In software engineering, an anti-pattern (or antipattern) is a pattern that may be commonly used but is ineffective and/or counterproductive in practice.[1][2]
The term was coined in 1995 by Andrew Koenig,[3] inspired by Gang of Four's book Design Patterns, which developed the concept of design patterns in the software field. The term was widely popularized three years later by the book AntiPatterns, which extended the use of the term beyond the field of software design and into general social interaction. According to the authors of the latter, there must be at least two key elements present to formally distinguish an actual anti-pattern from a simple bad habit, bad practice, or bad idea:
- Some repeated pattern of action, process or structure that initially appears to be beneficial, but ultimately produces more bad consequences than beneficial results, and
- A refactored solution exists that is clearly documented, proven in actual practice and repeatable.
Many anti-pattern ideas amount to little more than mistakes, rants, unsolvable problems, or bad practices to be avoided if possible. Sometimes called pitfalls or dark patterns, this informal use of the term has come to refer to classes of commonly reinvented bad solutions to problems. Thus, many candidate anti-patterns under debate would not be formally considered anti-patterns.
By formally describing repeated mistakes, one can recognize the forces that lead to their repetition and learn how others have refactored themselves out of these broken patterns.
Contents
Known anti-patterns
Organizational anti-patterns
- Analysis paralysis: Devoting disproportionate effort to the analysis phase of a project
- Cash cow: A profitable legacy product that often leads to complacency about new products
- Design by committee: The result of having many contributors to a design, but no unifying vision
- Escalation of commitment: Failing to revoke a decision when it proves wrong
- Management by perkele: Authoritarian style of management with no tolerance of dissent
- Moral hazard: Insulating a decision-maker from the consequences of his or her decision
- Mushroom management: Keeping employees uninformed and misinformed; employees are described as being kept in the dark and fed manure, left to stew, and finally canned.
- Stovepipe or Silos: A structure that supports mostly up-down flow of data but inhibits cross organizational communication
- Vendor lock-in: Making a system excessively dependent on an externally supplied component[4]

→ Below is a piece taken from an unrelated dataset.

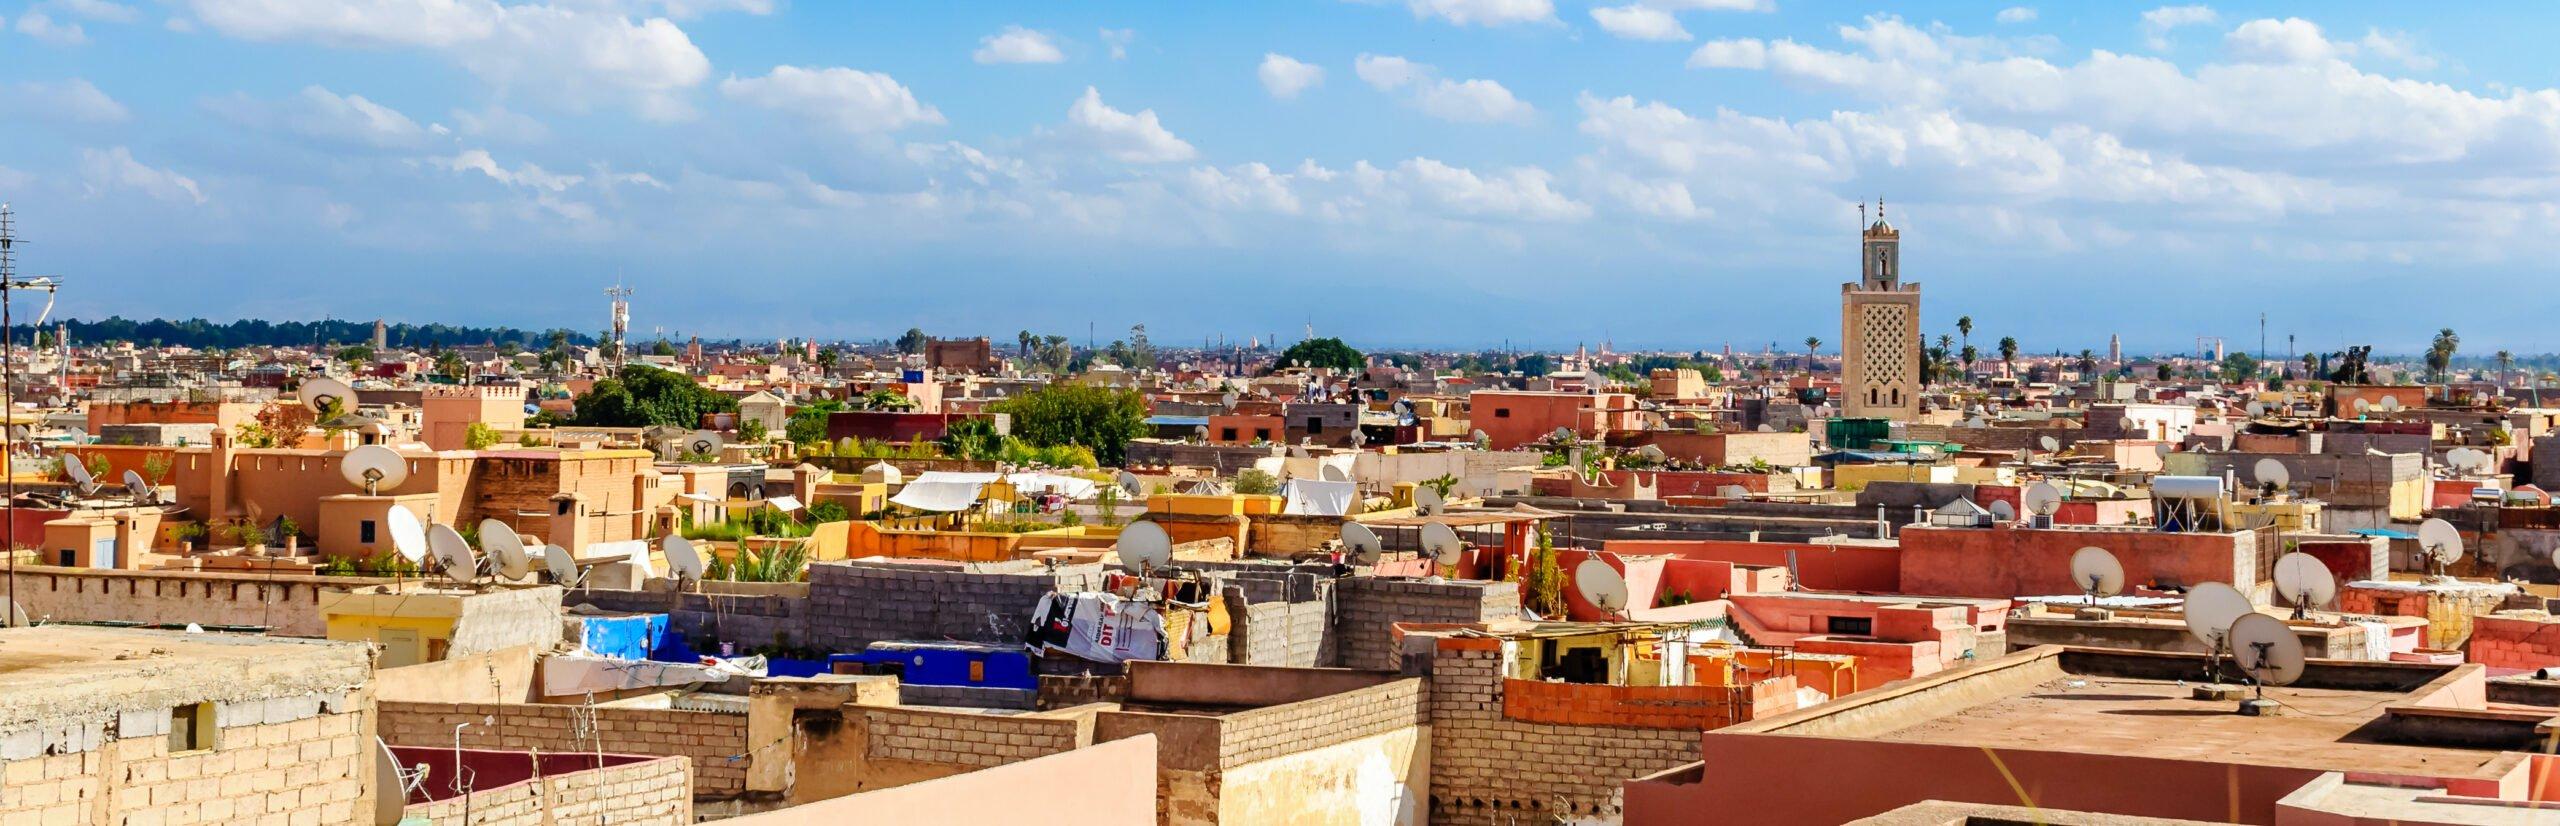 Marrakesh Travel Guide

Project management anti-patterns
- Death march: Everyone knows that the project is going to be a disaster – except the CEO – so the truth is hidden to prevent immediate cancellation of the project - (although the CEO often knows and does it anyway to maximize profit). However, the truth remains hidden and the project is artificially kept alive until the Day Zero finally comes ("Big Bang"). Alternative definition: Employees are pressured to work late nights and weekends on a project with an unreasonable deadline.

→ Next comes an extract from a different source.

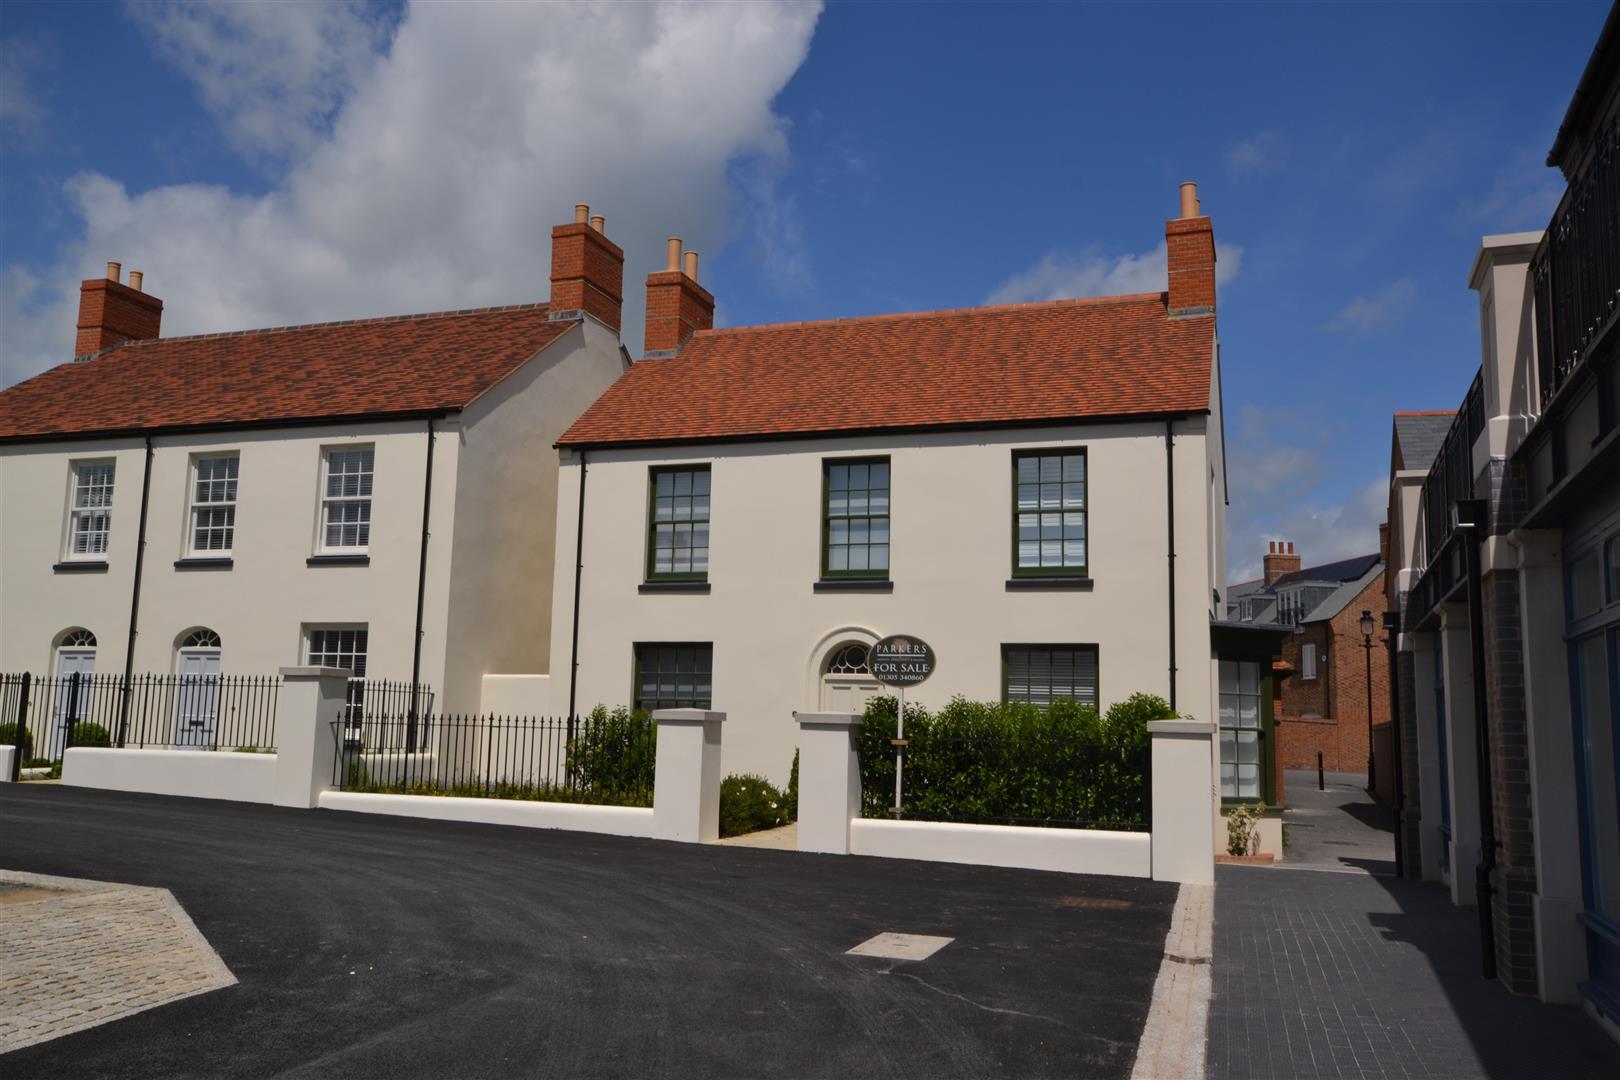 Hamslade Green, Poundbury, Dorchester

- Groupthink: During groupthink, members of the group avoid promoting viewpoints outside the comfort zone of consensus thinking
- Overengineering: Spending resources making a project more robust and complex than is needed
- Smoke and mirrors: Demonstrating unimplemented functions as if they were already implemented
- Software bloat: Allowing successive versions of a system to demand ever more resources
- Waterfall model: An older method of software development that inadequately deals with unanticipated change
Analysis anti-patterns
- Bystander apathy: When a requirement or design decision is wrong, but the people who notice this do nothing because it affects a larger number of people
Software design anti-patterns
- Abstraction inversion: Not exposing implemented functionality required by users, so that they re-implement it using higher level functions
- Ambiguous viewpoint: Presenting a model (usually Object-oriented analysis and design (OOAD)) without specifying its viewpoint
- Big ball of mud: A system with no recognizable structure
- Database-as-IPC: Using a database as the message queue for routine interprocess communication where a much more lightweight mechanism would be suitable
- Gold plating: Continuing to work on a task or project well past the point at which extra effort is adding value
- Inner-platform effect: A system so customizable as to become a poor replica of the software development platform
- Input kludge: Failing to specify and implement the handling of possibly invalid input
- Interface bloat: Making an interface so powerful that it is extremely difficult to implement
- Magic pushbutton: Coding implementation logic directly within interface code, without using abstraction
- Race hazard: Failing to see the consequence of different orders of events
- Stovepipe system: A barely maintainable assemblage of ill-related components
Object-oriented design anti-patterns
- Anemic Domain Model: The use of domain model without any business logic. The domain model's objects cannot guarantee their correctness at any moment, because their validation and mutation logic is placed somewhere outside (most likely in multiple places).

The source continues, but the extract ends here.